I will make mistakes and you will make mistakes, yet God is perfect. If we are God, then mistakes do not take away from our perfection. How can that be? 

If I am God and you are God, then the concept of ‘loving thy neighbor as thyself’ has a different flavor. Thy neighbor IS thyself and both of us are God. We are meant to love ourselves and others and God constantly and equally, because they are one and the same and Divine—and therefore perfect. It’s like saying God has unconditional love for us because we are Divine and perfect aspects of God. That equation seems to ring as true as 2+2=4. Both sides are equal and the same. 

Catholic Fr. Vincent Serpa writes, “God does love us unconditionally in that he loves us even in our sins. But he cannot love our sins.” This is the “love the person not their actions” version of “unconditional” love. It represents an attachment to the “good and evil” concept. 

But maybe the way we choose to manipulate the energy around us (the way we choose to live our lives) is not good or bad. Maybe that judgment is irrelevant to God. Maybe God does not have any expectation of how we will use our time in this physical realm, but instead, has a knowledge that all aspects of God will always be aspects of God regardless of how we shift that energy—that no matter what we do, we are still perfect.

We would not put the three in the 2+3=5 equation unless we had a really good reason to believe that the three belonged there. If we were to accept that this paradox of expectations and unconditional love is a faulty equation, what attachment would have caused us to create it?

I think it’s an attachment to conditional love that moves me—and others—create the paradoxical equation. 


In my most rational moments, I don't actually believe God loves one person more than another.

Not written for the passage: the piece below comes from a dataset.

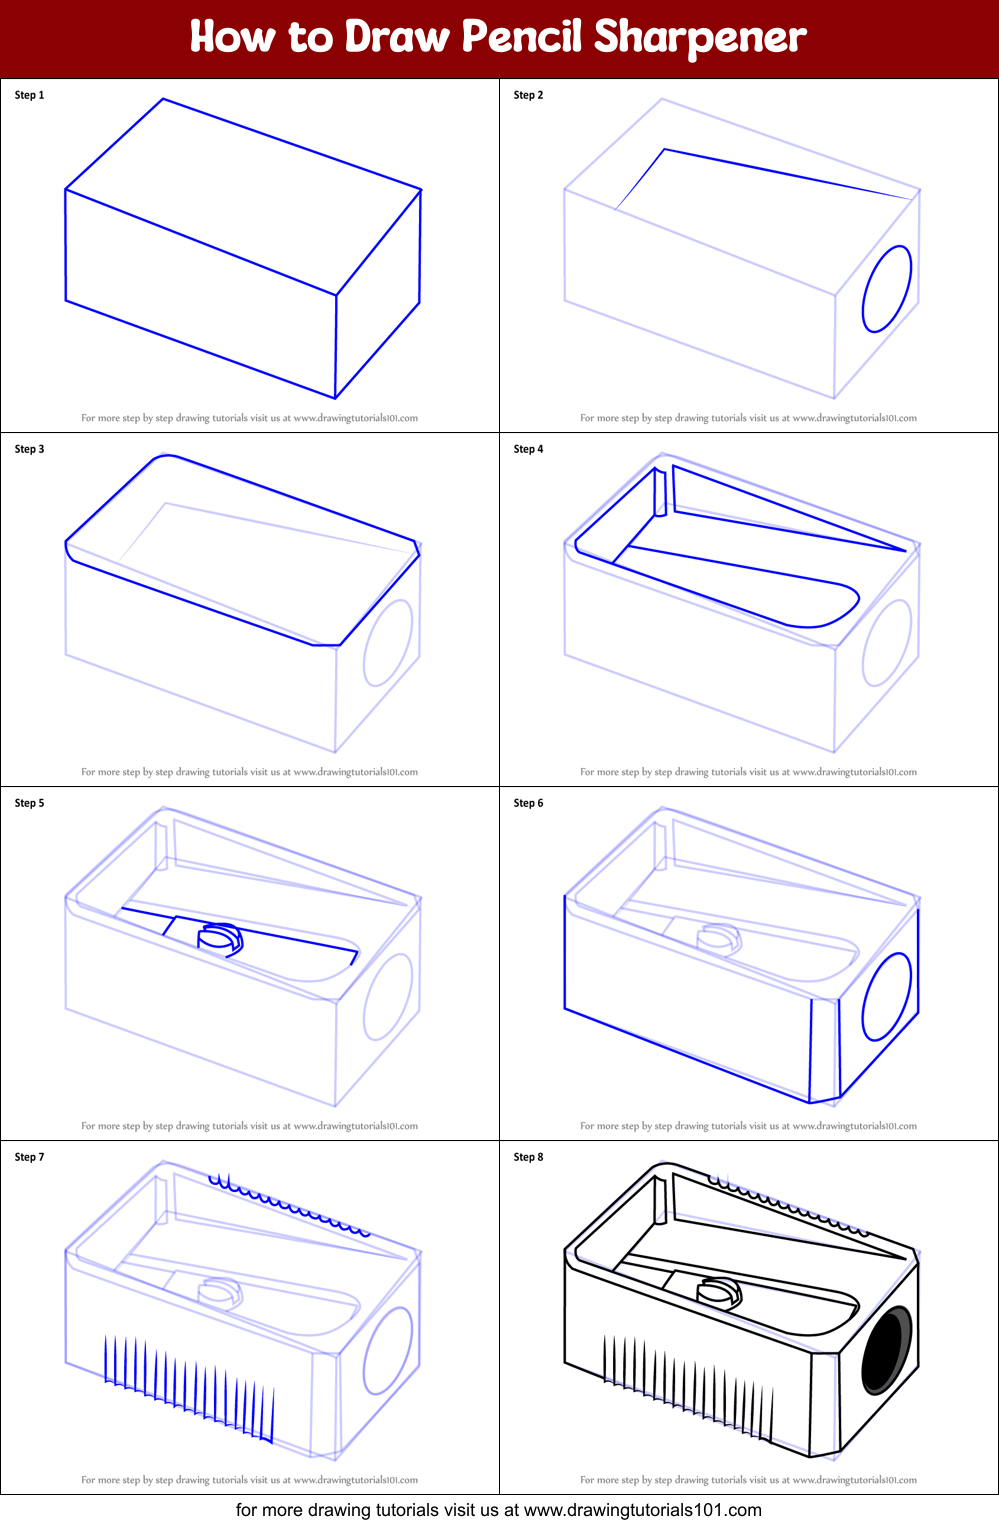 How to Draw Pencil Sharpener step by step

I accept that everyone and everything is an aspect of God, and that God loves all aspects of the Universe equally. Therefore, what I do here has nothing to do with how much God loves me.

The first time I considered that idea, I was surprised by a wave of fear. Why would that be a scary thought?

As a small child, I wanted to be loved unconditionally but I learned that love was conditional. I believed my parents were not capable of giving me unconditional love because I was not capable of being "good enough". If I believed unconditional love was possible, I also had to accept that my parents chose not to give it to me. This is harder to accept than to believe there’s an unknowable paradox—which would allow me to never have to look at the situation too closely.

In order to imagine this need for unconditional love being fulfilled, I personified God. I gave God the quality of requiring a condition for love, a quality that actually belonged to my parents. Like many (as my examples above display) I developed an attachment to the belief that "unconditional" love would be given to me if I followed a certain set of rules.


An attachment to this belief has several benefits.


For one thing, I can solve the greatest dilemma of my childhood. With God, I can finally be "good enough" to receive “unconditional” love. 

But also, by believing that God’s unconditional love actually has some conditions, it gives me an illusion of power. If I do “God’s will” then surely God will love me more. I will become one of the chosen, the beloved, the saved—whatever name you’d like—by fulfilling the conditions imposed by my belief system.

If I give up the attachment to the concept that I gain God’s love by following certain rules, does that mean I have to believe I can’t gain God’s love?

Yes. That's true. I can’t gain God’s love because I already have it. We can't ever lose it.

If we have to follow rules in order not to lose God’s love, we live fear-driven lives. There is constantly the possibility that I might lose the love I need, so my actions are driven by the set of imposed rules in my belief-system.


If I truly accept that God's love is unconditional, then I am no longer driven by fear of losing that love. It is that fear that seems to hold us to the rules of society—the things our society has decided are "moral” or “right”. Without that fear-driven base, It seems I would no longer be governed by the laws of man. I would be free to act exactly as I'm called to act. The moral "dilemma" would not exist. 

Our attachment to the concept of "good and evil" may be the hardest one to release. How many paradoxes would be wiped out of existence if we saw that this is really a societal concept, not an actual law of the universe? We would not have to hold ourselves (mankind) to a different standard as the rest of nature, for one. We would not have to judge ourselves or others harshly for "making mistakes", for another. We all know we are going to "make mistakes" yet we live in resentment, shame and guilt. 


If we were going to release our attachment to societal morals. We would have to raise our children in an entirely different way. When a toddler first experienced rage and struck out to show it, we would not tell him what he was doing was wrong. Instead, we would teach him that everything and everyone IS God, just as he is, and that when he strikes out against the world, he is striking out against himself. 

Of course he would not understand this as a toddler, but neither does a toddler understand “wrong”. We drive that into children until they believe it and then expect them to accept the "paradox" that God loves unconditionally—with some conditions.


Saturday, March 24, 2012

Shining

Do you believe that someone other than you should decide what's best for you?

Neither do I. Whether we call it God, Spirit, intuition, or conscience, we all have our own guidance system. Yet I've seen many intelligent, educated people become blind followers.  Do you know anyone who gets their "news" from sources as unreliable as forwarded emails, "viral" Youtube videos, or Saturday Night Live?

In a recent interaction with a friend, I was astounded once again by how someone I know is open minded and intelligent could be easily swayed by societal pressure. She posted something on facebook which she'd gotten from another friend (a re-post that had been making the rounds.) She added this comment: "This is why you can't ever trust any drug companies, hospitals or doctors!"

I pointed out that her comment felt a little strong. Actually, I called her a bigot. I admit, that might not have been the best way to handle it, but I felt a volatile word would get her attention, and it did.

Her response was, "I'm not a bigot, but doctors don't get any training in nutrition. How can I trust them?"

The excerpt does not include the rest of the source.